Professor Gives Tips on Going Green for the Holidays

Posted: November 29, 2007 at 1:00 am, Last Updated: November 30, -0001 at 12:00 am

By Tara Laskowski

“Green” is the buzzword this year, and it refers to more than Mason and its sports teams. People are actively looking for new and simple ways to be more environmentally responsible. In response to this trend, Susie Crate, assistant professor of environmental science and policy, has some tips for families on how to have a “greener” holiday season.

  • Get a live tree that you can have in your house (be sure to water well) and then plant outside after the holidays — in your yard or somewhere else. The planet needs more trees and they sequester carbon. Real trees are a renewable, recyclable resource. Artificial trees contain nonbiodegradable plastics and possible metal toxins such as lead.

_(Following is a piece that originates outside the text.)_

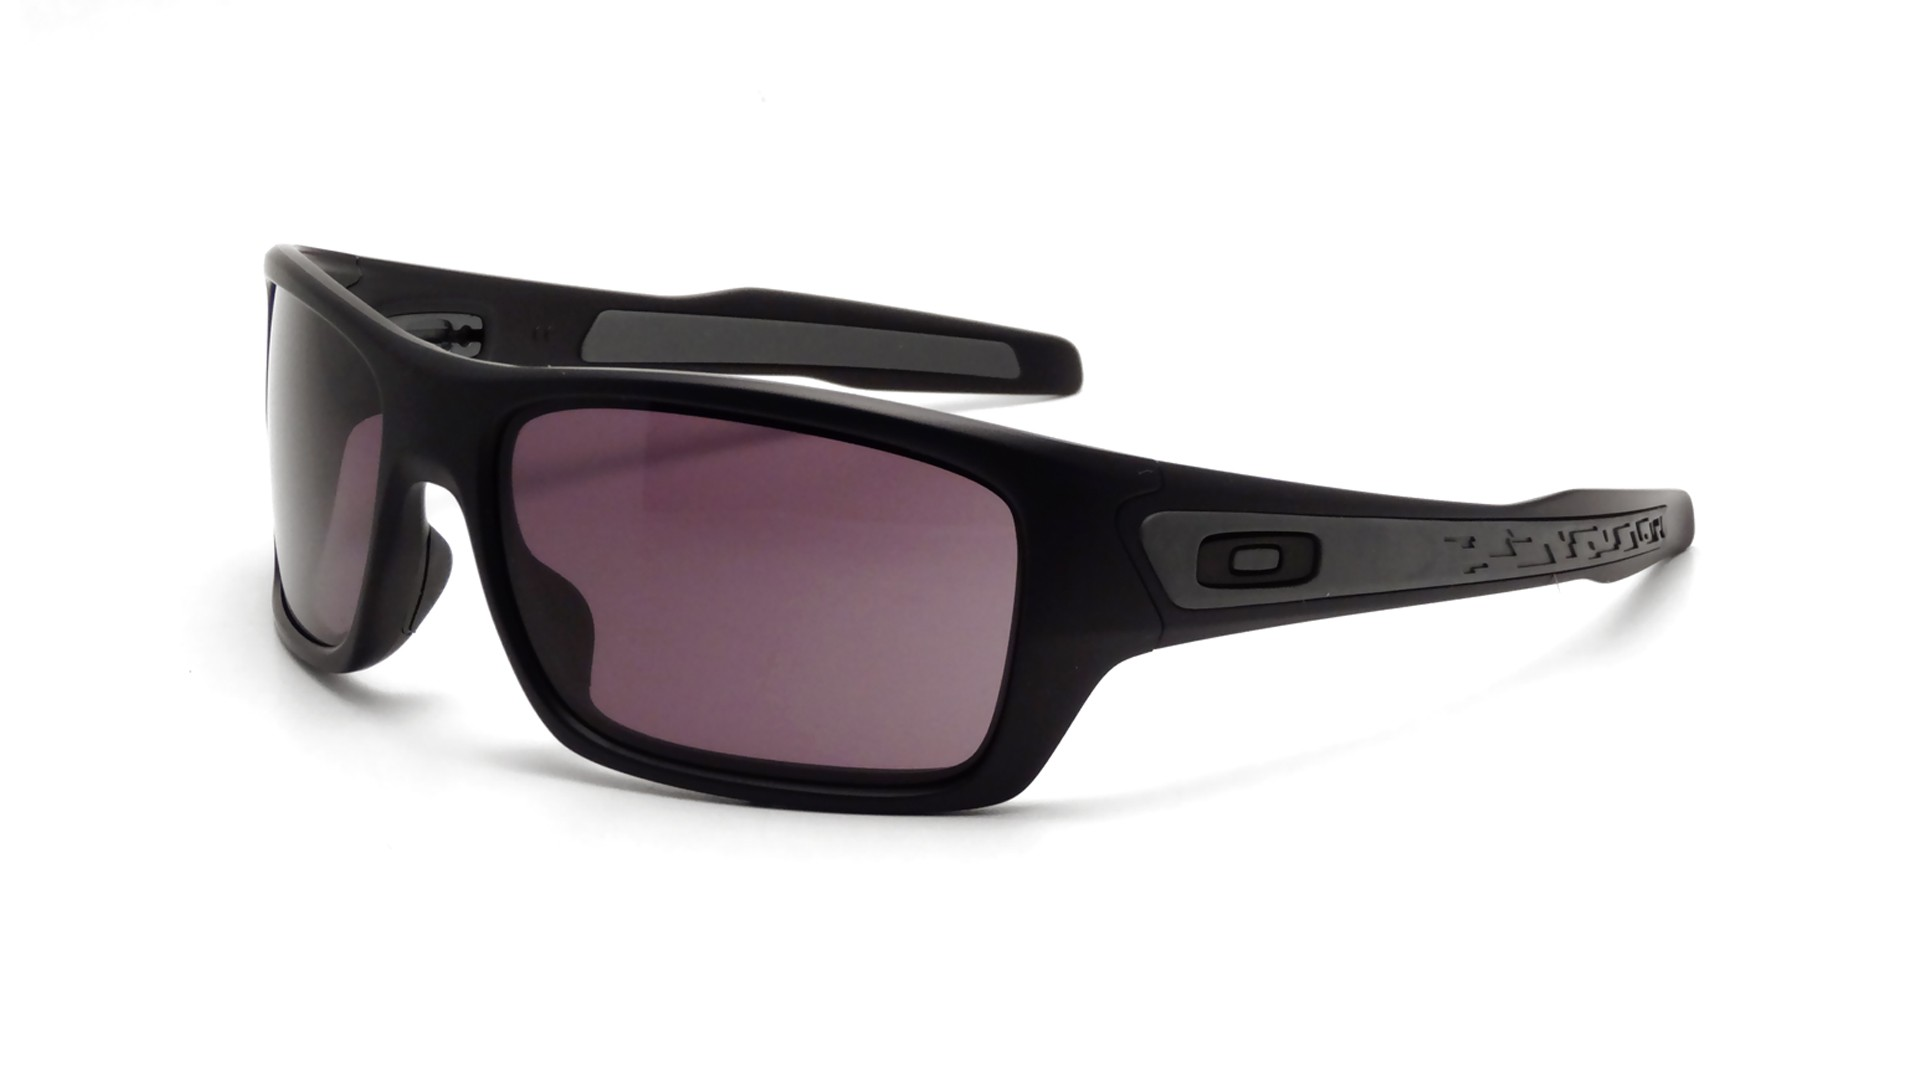 defa719cdf Discount Oakley Turbine Sunglasses

  • Attach your indoor and outdoor lights to a timer, and program them to be on only for the several hours in the evening when people will see them.
  • Wrap presents with recyclable wrapping paper, or get creative and reuse newspaper or paper bags for wrapping, decorating with paint, glitter and other stick-ons. If you are a planner, save the comics for several weeks – they make great wrapping paper.
  • Don’t shop at the mall for gifts — fight the consumer lifestyle and return to the true gift-giving tradition — make your gifts. Gift giving is a perfect opportunity to develop your creative self. Think up gifts that will be fun to make and in the end will really be a gift of the heart. Make handcrafted items, sew pillows or accessories, bake, paint or write poems and songs. The sky’s the limit!
  • If you do need to shop for the materials to make gifts or for a gift you want to give that you can’t make, don’t go to the mall. Try your best to go to independent stores and support local businesses. Prices may be slightly more, but you will be supporting your local business community. You have great power in your choice of places to shop. Also, when shopping, bring your own bags instead of plastic bags to carry gifts in. Give environmentally friendly gifts such as a water bottle, battery charger or plants.
  • Look for holiday cards printed on paper with recyclable content, or make your own using scraps found around the house.
  • How you spend your time over the holidays is also important. In addition to hanging out with family and friends, get them to volunteer with you on a project that involves something environmentally friendly and socially responsible, such as an Adopt-a-Highway program or volunteering at a local park.
  • Finally, if you don’t like a gift you got this season, instead of waiting in long lines to exchange the gift, consider donating it to a homeless shelter or other nonprofit organization.